NICOLA Sturgeon’s flagship plan to overhaul Scotland’s care system has “significantly understated” the potential costs involved, the country’s spending watchdog has warned.
Audit Scotland said considerable uncertainty surrounded a range of costs associated with the proposed new National Care Service, including inflation, pay, VAT and pensions.
In a submission to tomorrow’s Holyrood finance committee, Audit Scotland said the final pricetag was likely to be “significantly above the amounts currently assessed”.
The estimated cost of the shake-up is already put at between £620million and £1.25bn between 2022/23 and 2026/27.
The First Minister has described the National Care Service (NCS) as “arguably the most significant public service reform since the creation of the National Health Service” in 1948.
It is intended to “oversee local delivery of community health and social care, ensuring consistent and high standards and embedding the principles of fair work for care workers”.
When the Holyrood Bill to deliver it was published in June, SNP Health Secretary Humza Yousaf said it would end the “postcode lottery” in care provision around the country.
However it is proving increasingly controversial, with councils warning it represents a “power grab”, taking responsibilities away from elected local government to a centralised system.
At last week’s finance committee, two SNP MSPs also criticised it.
Convener Kenneth Gibson said creating a new system to improve standards in a relatively small number of care homes was like using “a sledgehammer to crack a nut”.
While Michelle Thomson said she had “no confidence whatsoever” in its financial plan, calling it a “blank cheque for the public purse”.
Donna Bell, the Government's director of Social Care and National Care Service Development, admitted there was "significant work" to be done to examine costs and risks "were very much at the front of our minds."
Asked about her colleagues comments at last Thursday’s FMQs, Ms Sturgeon inisted: "A national care service is the right way to go."
She said: “The national care service is about improving social care, about better rewarding those who work in social care, and about removing any postcode lottery in the provision of social care.
“Obviously, the National Care Service (Scotland) Bill is in its early stages of parliamentary scrutiny. A number of different committees in the Parliament are scrutinising that legislation and, as we always do, we will listen very carefully to points made and views expressed in the course of that scrutiny. That is the right and proper way to proceed with any legislation.”
In the latest blow, Audit Scotland warns the inflation assumptions built into the Bill’s financial memorandum, of between 3 and 6 per cent, are obviously out of date.
It said: “More recent information on actual and forecast inflation are well ahead of the assumptions used.
“There is significant uncertainty about the future path of overall inflation measures and how this translates to public sector pay and other costs, but in our view the margin of uncertainty in the figures is likely to be significantly understated as a result.”
It also says there are “a number of costs associated with the measures set out in the Bill that have yet be assessed”, something the Government has recognised by “providing a broad description of the anticipated cost and the difficulty in assessing it at this stage”.
But it goes on: “In some of these, the potential for additional cost is significant and taken together it is likely that the overall cost of the measures will be significantly above the amounts currently assessed.
“Areas where cost information has not been provided include:
•the costs of any national care boards
•transition costs for Local Authorities and Health Boards, including double running.

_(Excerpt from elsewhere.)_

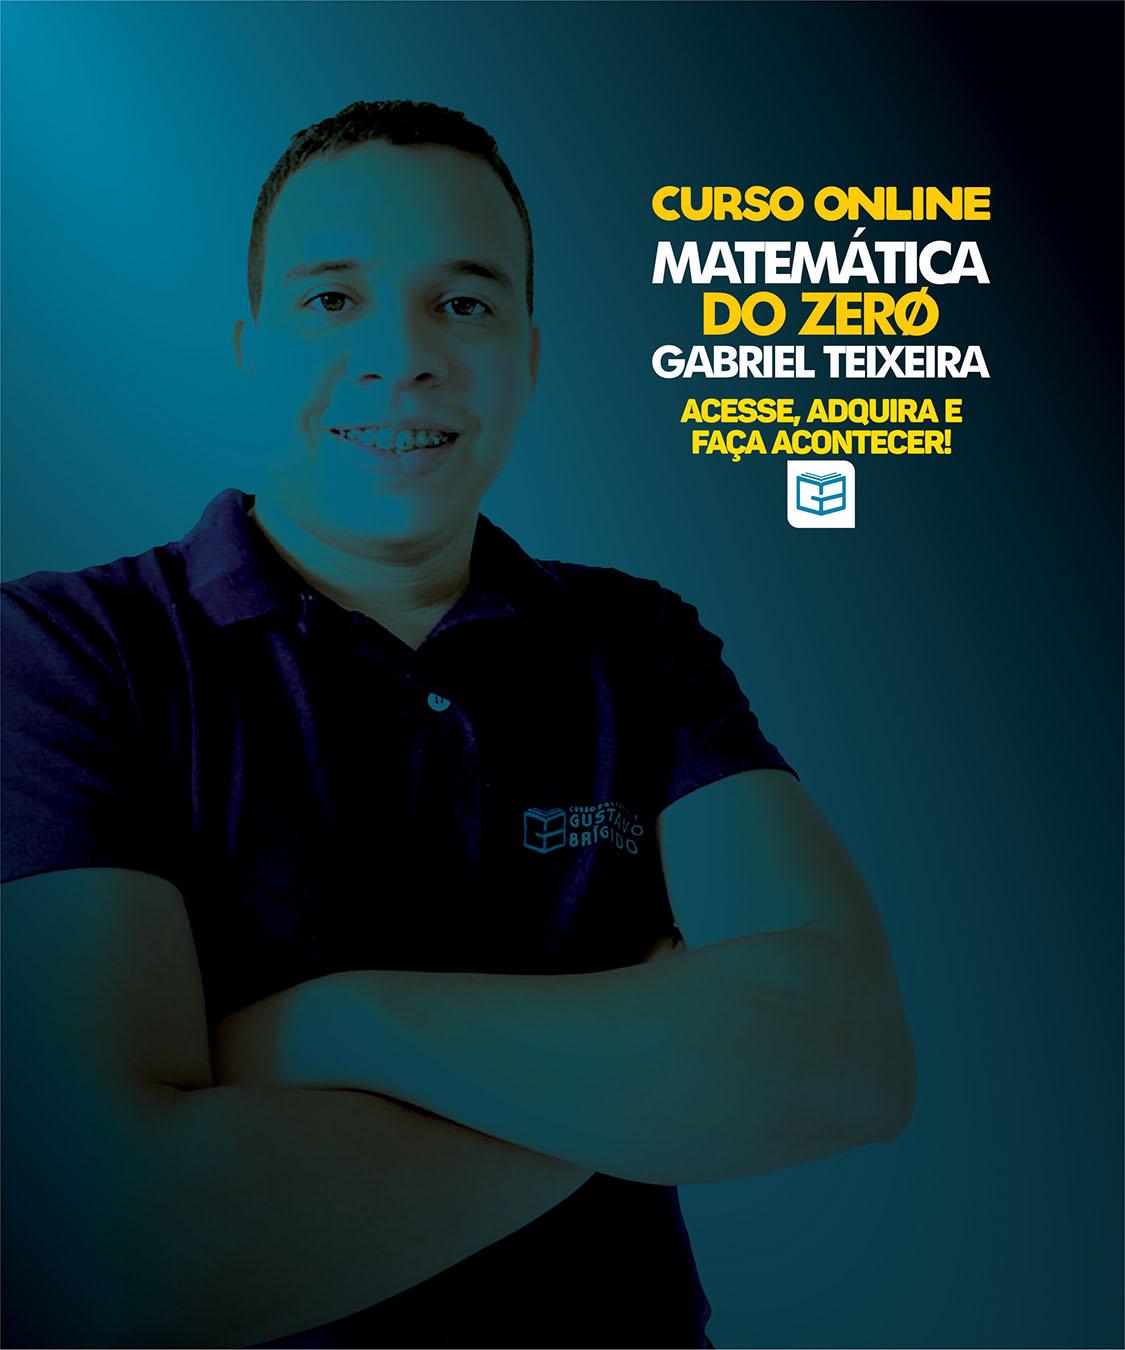 Matemática do Zero - Professor Gabriel Teixeira

These may be significant and it will not be to unpick existing services from the other services these bodies provide
•the impact of changes to VAT treatment, with the expectation that Care Boards will not be able to recover input VAT to the same extent as local government bodies. While recognising thedifficulties in making such an assessment it is import that the Scottish Government is able to provide its overall assessment of the potential significance of this issue as soon as it can
•the impact of any changes to pension scheme arrangements and associated contribution costs arising from pay harmonisation/ rationalisation
•the extent of potential changes to capital investment and maintenance costs
•the cost of the health and social care information scheme.
"In our view such costs have the potential to add significantly to the overall costs reported and are not currently reflected in the assessed margin of uncertainty."
SNP Social Care Minister Kevin Stewart said: “The establishment of a National Care Service will be the most ambitious reform of public services since the creation of the National Health Service.
“We are committed to taking long term action to change our society and make it a fairer and more equal place to live.
“We have set out a range of potential costs of the National Care Service, based on current assumptions. Any decisions about spending on the NCS service will based on rigorous evidence and will be subject to future Parliamentary budget-setting processes.
“As the Independent Review of Adult Social Care made clear there is a wider need for investment in social care. Many of these are areas are not set out in the Financial Memorandum for the National Care Service as they do not directly relate to the legislation.
“The Financial Memorandum sets out the best current estimate of the costs which directly relate to the Bill.”